Exercise directions:
Nothing in the listing should be dropped or altered when it is copied.

----------

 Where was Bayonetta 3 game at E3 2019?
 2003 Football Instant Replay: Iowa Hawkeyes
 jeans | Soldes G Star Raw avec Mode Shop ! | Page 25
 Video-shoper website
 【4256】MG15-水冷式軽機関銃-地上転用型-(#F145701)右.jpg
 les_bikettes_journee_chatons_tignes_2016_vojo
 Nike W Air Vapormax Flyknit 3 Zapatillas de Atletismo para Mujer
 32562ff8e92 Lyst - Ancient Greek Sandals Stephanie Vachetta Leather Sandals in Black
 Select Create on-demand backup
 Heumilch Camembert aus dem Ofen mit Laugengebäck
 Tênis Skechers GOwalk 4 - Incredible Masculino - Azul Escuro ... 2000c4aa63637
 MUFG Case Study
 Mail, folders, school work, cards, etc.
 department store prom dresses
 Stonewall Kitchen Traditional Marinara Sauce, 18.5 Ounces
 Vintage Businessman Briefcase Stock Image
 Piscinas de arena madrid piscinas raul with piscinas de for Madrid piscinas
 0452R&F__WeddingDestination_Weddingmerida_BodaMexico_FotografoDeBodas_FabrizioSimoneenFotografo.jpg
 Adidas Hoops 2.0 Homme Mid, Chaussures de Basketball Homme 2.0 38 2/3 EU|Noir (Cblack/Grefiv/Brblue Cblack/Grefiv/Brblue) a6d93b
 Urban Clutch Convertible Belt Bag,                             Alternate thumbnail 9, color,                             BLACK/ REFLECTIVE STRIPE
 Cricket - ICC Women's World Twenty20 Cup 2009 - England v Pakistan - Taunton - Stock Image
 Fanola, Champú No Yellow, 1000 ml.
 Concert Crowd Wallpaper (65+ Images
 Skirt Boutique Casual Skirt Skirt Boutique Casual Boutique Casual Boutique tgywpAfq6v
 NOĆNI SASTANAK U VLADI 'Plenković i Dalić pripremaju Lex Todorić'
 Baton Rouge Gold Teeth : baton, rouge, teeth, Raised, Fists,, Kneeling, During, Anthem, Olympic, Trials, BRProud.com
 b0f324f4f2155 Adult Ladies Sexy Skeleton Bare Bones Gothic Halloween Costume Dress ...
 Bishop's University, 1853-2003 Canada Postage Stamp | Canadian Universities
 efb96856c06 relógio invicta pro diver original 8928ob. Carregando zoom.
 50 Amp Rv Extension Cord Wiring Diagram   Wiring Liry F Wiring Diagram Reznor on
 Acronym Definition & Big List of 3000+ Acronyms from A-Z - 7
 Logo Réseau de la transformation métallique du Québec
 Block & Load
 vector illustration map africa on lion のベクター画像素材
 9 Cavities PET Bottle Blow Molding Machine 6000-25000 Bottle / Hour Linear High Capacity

----------

Response:
 Where was Bayonetta 3 game at E3 2019?
 2003 Football Instant Replay: Iowa Hawkeyes
 jeans | Soldes G Star Raw avec Mode Shop ! | Page 25
 Video-shoper website
 【4256】MG15-水冷式軽機関銃-地上転用型-(#F145701)右.jpg
 les_bikettes_journee_chatons_tignes_2016_vojo
 Nike W Air Vapormax Flyknit 3 Zapatillas de Atletismo para Mujer
 32562ff8e92 Lyst - Ancient Greek Sandals Stephanie Vachetta Leather Sandals in Black
 Select Create on-demand backup
 Heumilch Camembert aus dem Ofen mit Laugengebäck
 Tênis Skechers GOwalk 4 - Incredible Masculino - Azul Escuro ... 2000c4aa63637
 MUFG Case Study
 Mail, folders, school work, cards, etc.
 department store prom dresses
 Stonewall Kitchen Traditional Marinara Sauce, 18.5 Ounces
 Vintage Businessman Briefcase Stock Image
 Piscinas de arena madrid piscinas raul with piscinas de for Madrid piscinas
 0452R&F__WeddingDestination_Weddingmerida_BodaMexico_FotografoDeBodas_FabrizioSimoneenFotografo.jpg
 Adidas Hoops 2.0 Homme Mid, Chaussures de Basketball Homme 2.0 38 2/3 EU|Noir (Cblack/Grefiv/Brblue Cblack/Grefiv/Brblue) a6d93b
 Urban Clutch Convertible Belt Bag,                             Alternate thumbnail 9, color,                             BLACK/ REFLECTIVE STRIPE
 Cricket - ICC Women's World Twenty20 Cup 2009 - England v Pakistan - Taunton - Stock Image
 Fanola, Champú No Yellow, 1000 ml.
 Concert Crowd Wallpaper (65+ Images
 Skirt Boutique Casual Skirt Skirt Boutique Casual Boutique Casual Boutique tgywpAfq6v
 NOĆNI SASTANAK U VLADI 'Plenković i Dalić pripremaju Lex Todorić'
 Baton Rouge Gold Teeth : baton, rouge, teeth, Raised, Fists,, Kneeling, During, Anthem, Olympic, Trials, BRProud.com
 b0f324f4f2155 Adult Ladies Sexy Skeleton Bare Bones Gothic Halloween Costume Dress ...
 Bishop's University, 1853-2003 Canada Postage Stamp | Canadian Universities
 efb96856c06 relógio invicta pro diver original 8928ob. Carregando zoom.
 50 Amp Rv Extension Cord Wiring Diagram   Wiring Liry F Wiring Diagram Reznor on
 Acronym Definition & Big List of 3000+ Acronyms from A-Z - 7
 Logo Réseau de la transformation métallique du Québec
 Block & Load
 vector illustration map africa on lion のベクター画像素材
 9 Cavities PET Bottle Blow Molding Machine 6000-25000 Bottle / Hour Linear High Capacity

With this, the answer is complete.